Exercise prompt — Transcription, pictures excluded: write out the data below exactly.

Available data —
*** Begin section ***

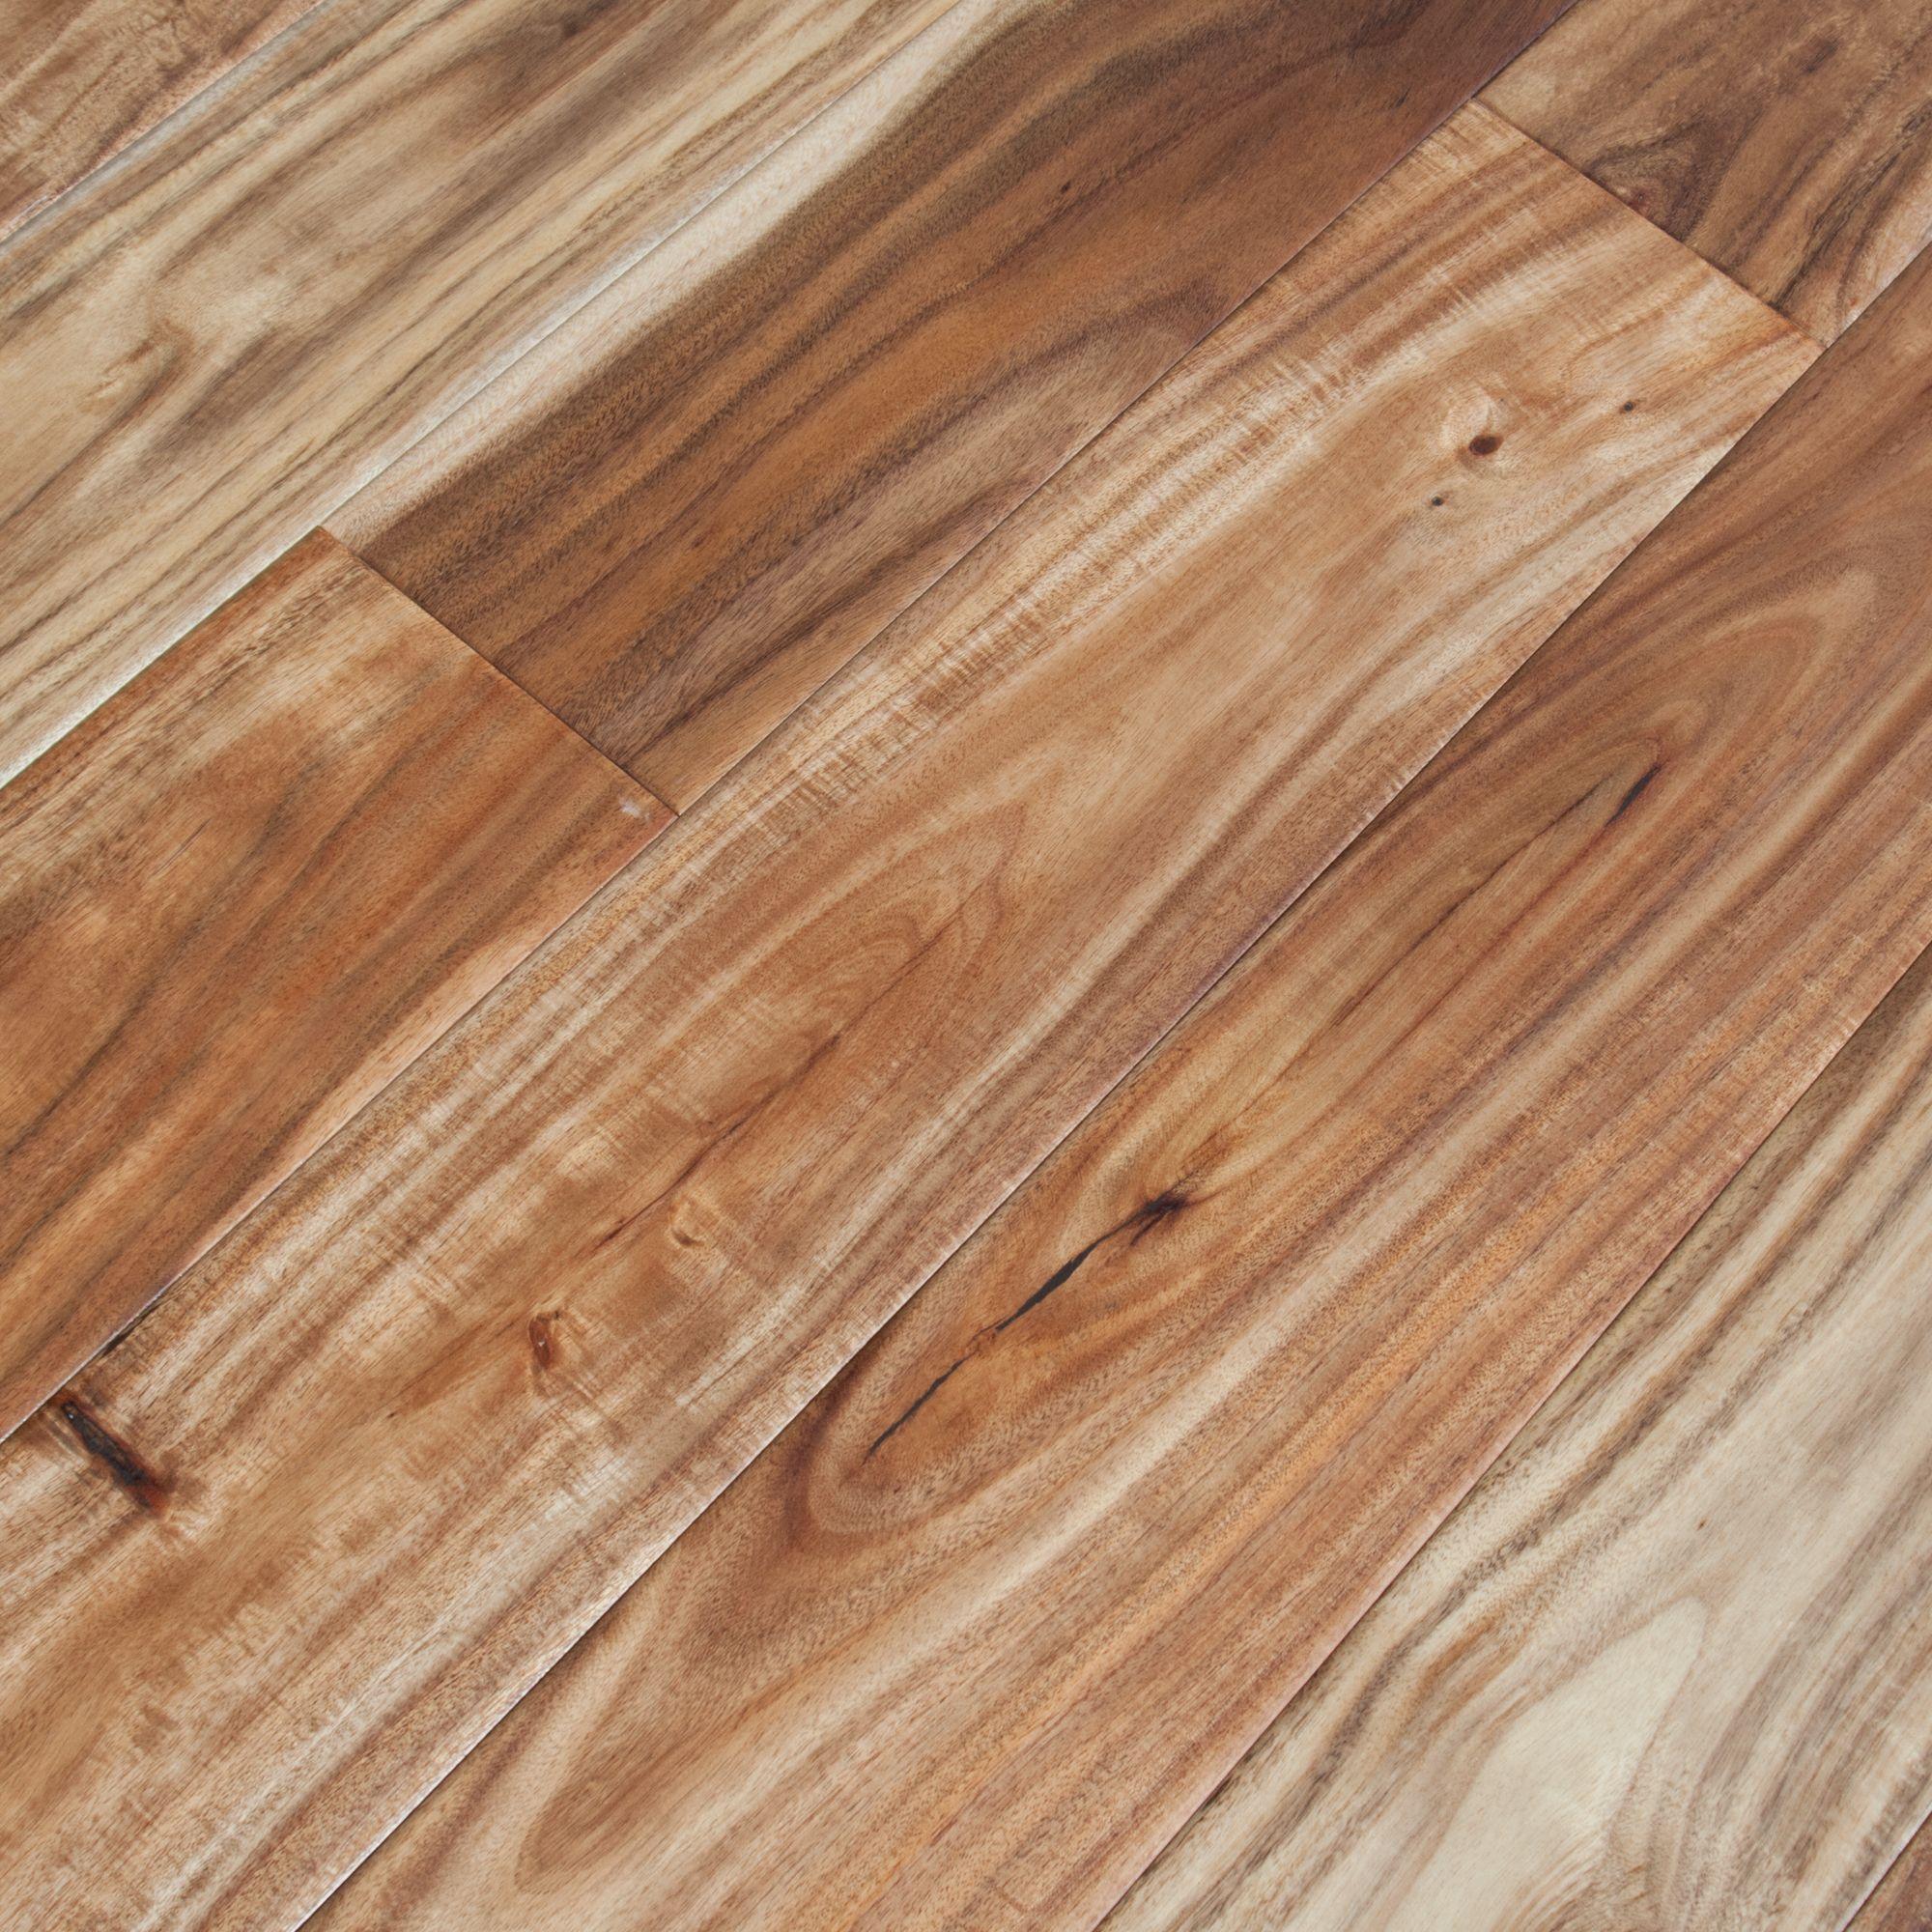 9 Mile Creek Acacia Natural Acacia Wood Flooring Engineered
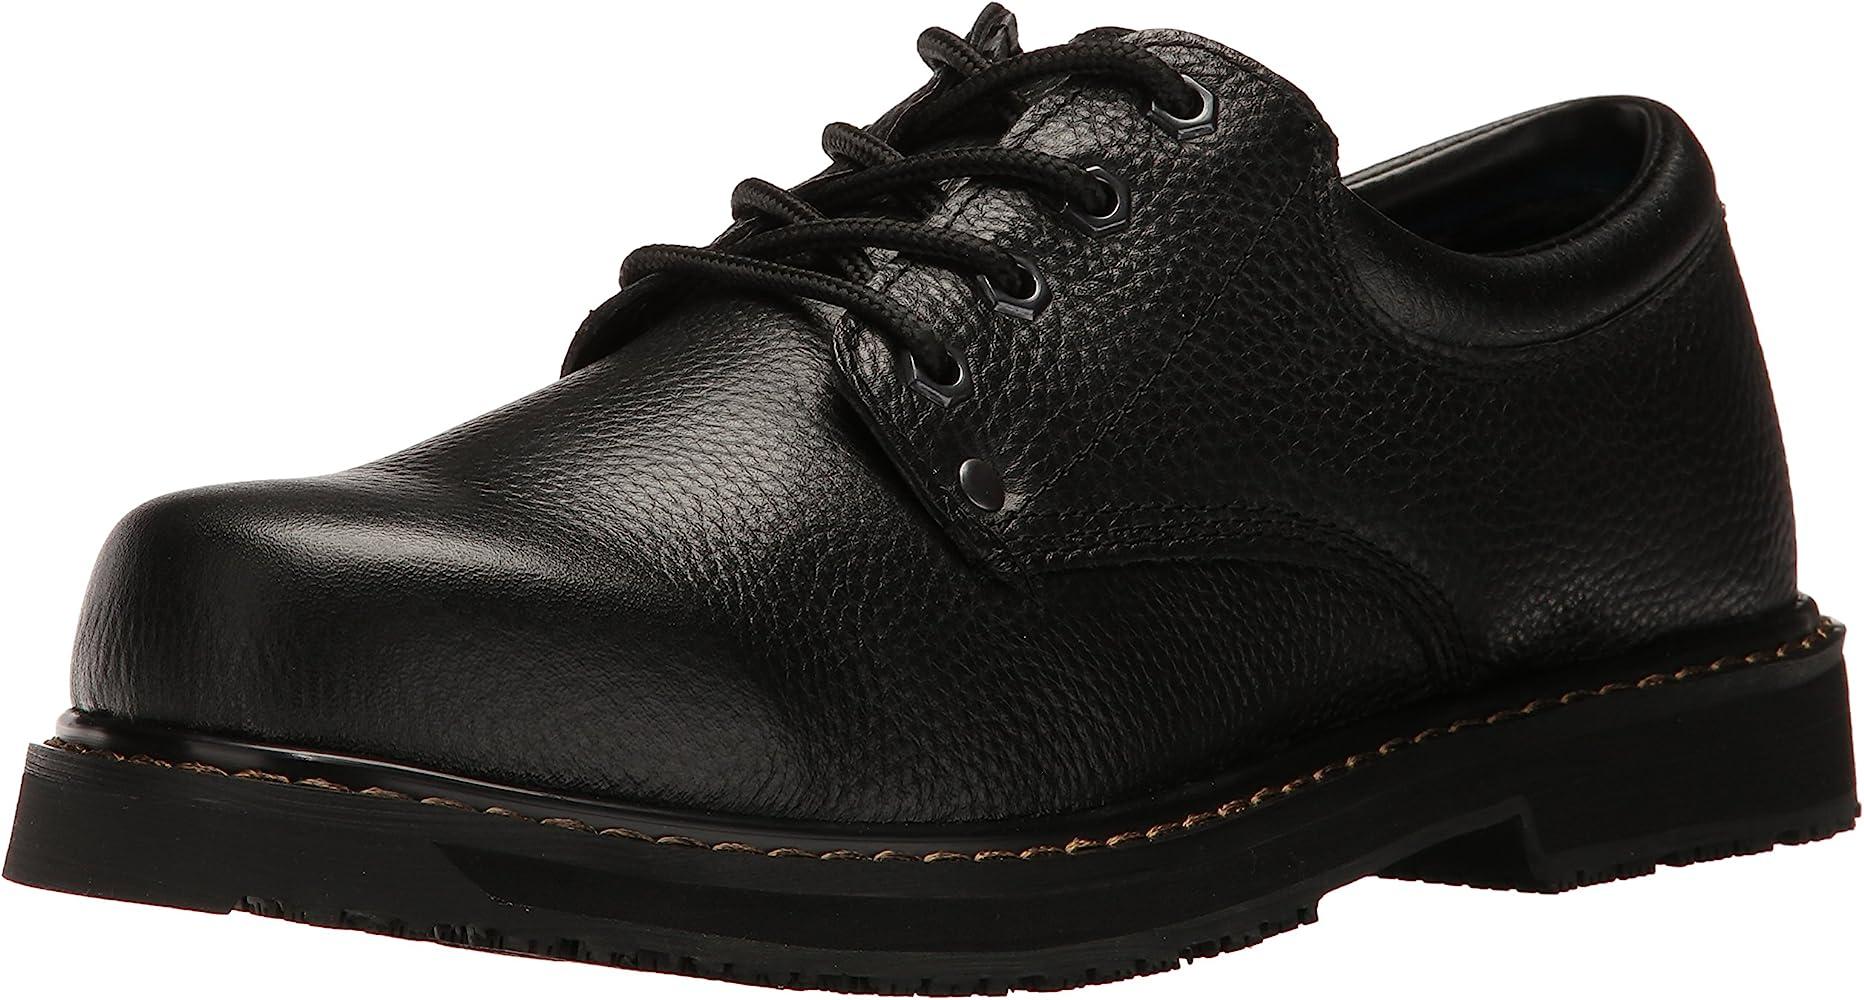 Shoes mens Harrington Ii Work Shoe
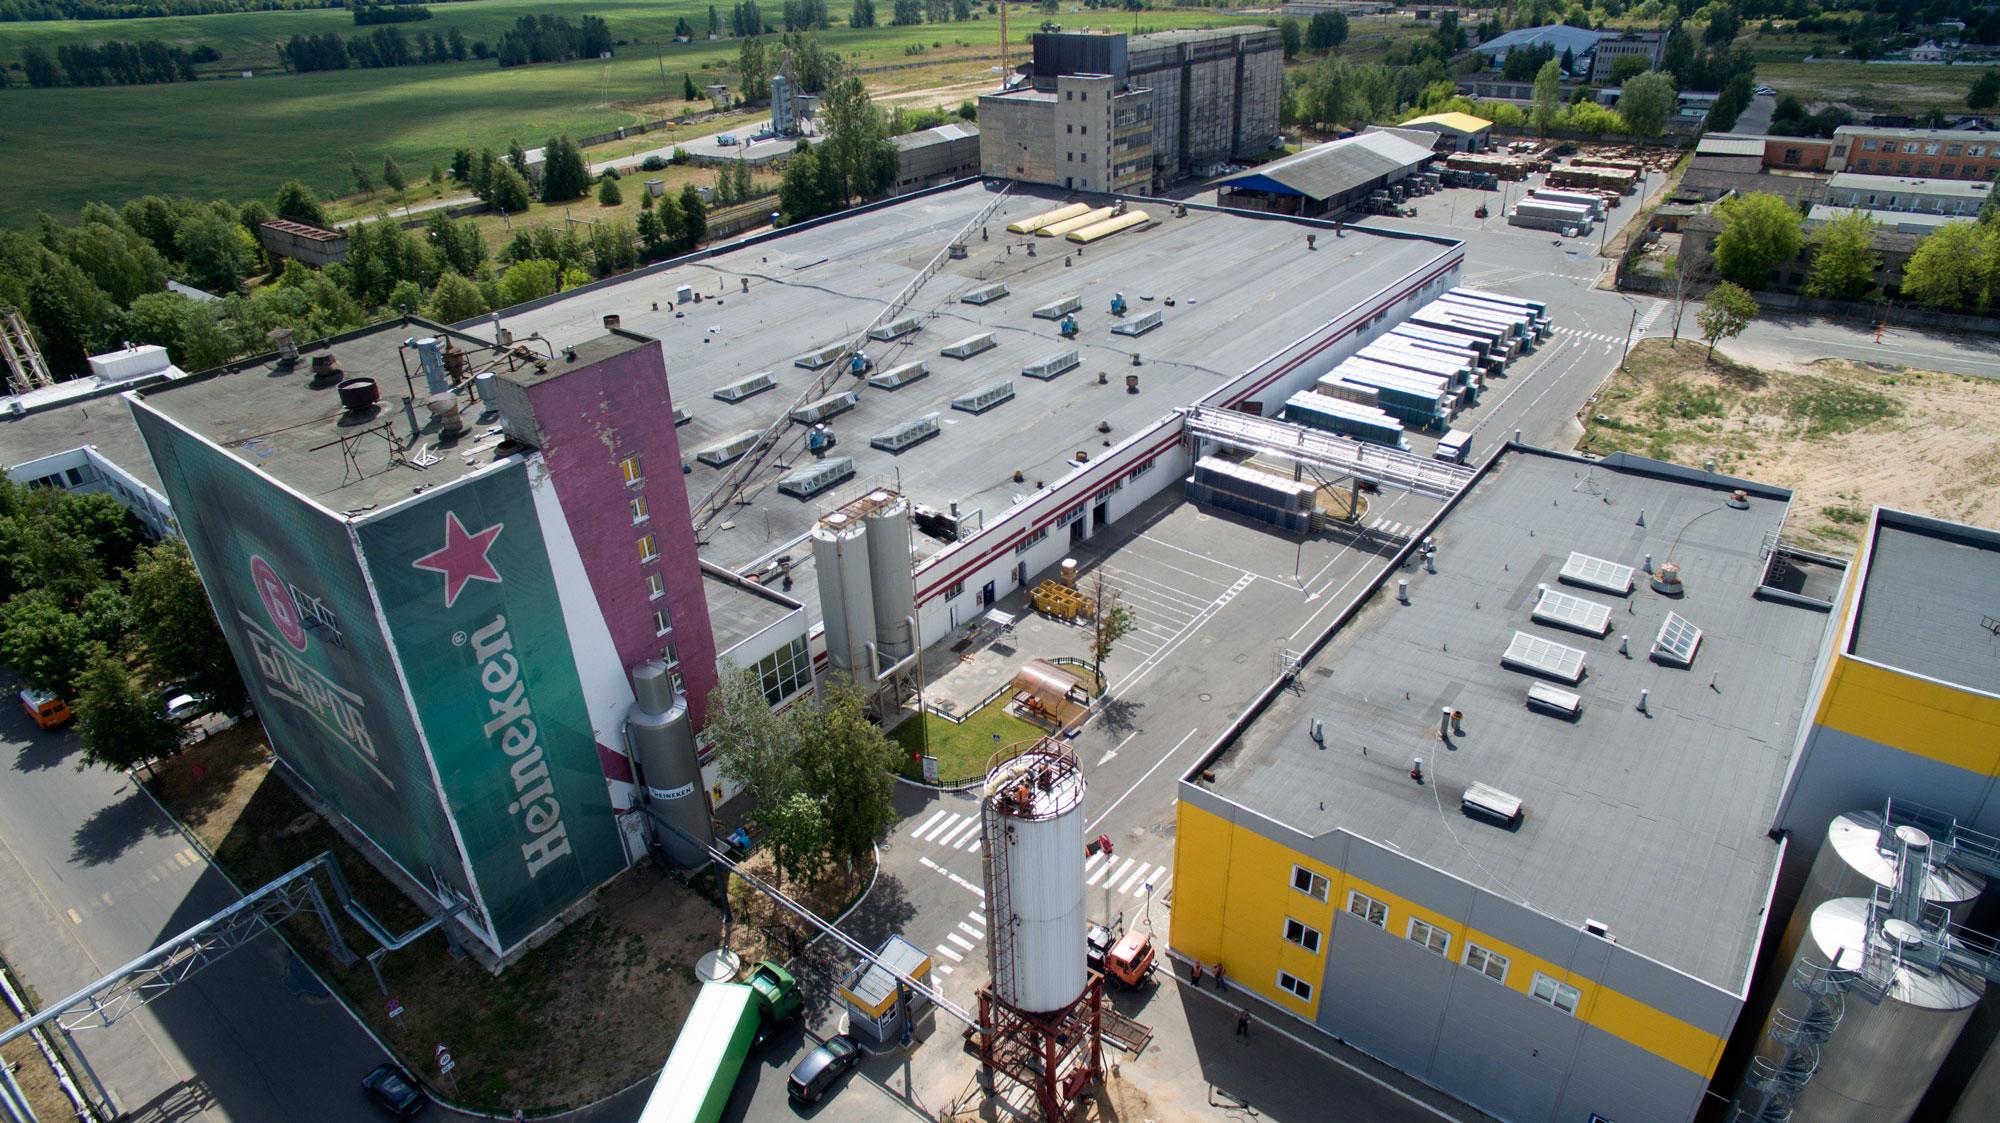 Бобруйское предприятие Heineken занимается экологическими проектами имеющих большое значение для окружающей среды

*** End section ***

Written response —
 9 Mile Creek Acacia Natural Acacia Wood Flooring Engineered
 Shoes mens Harrington Ii Work Shoe
 Бобруйское предприятие Heineken занимается экологическими проектами имеющих большое значение для окружающей среды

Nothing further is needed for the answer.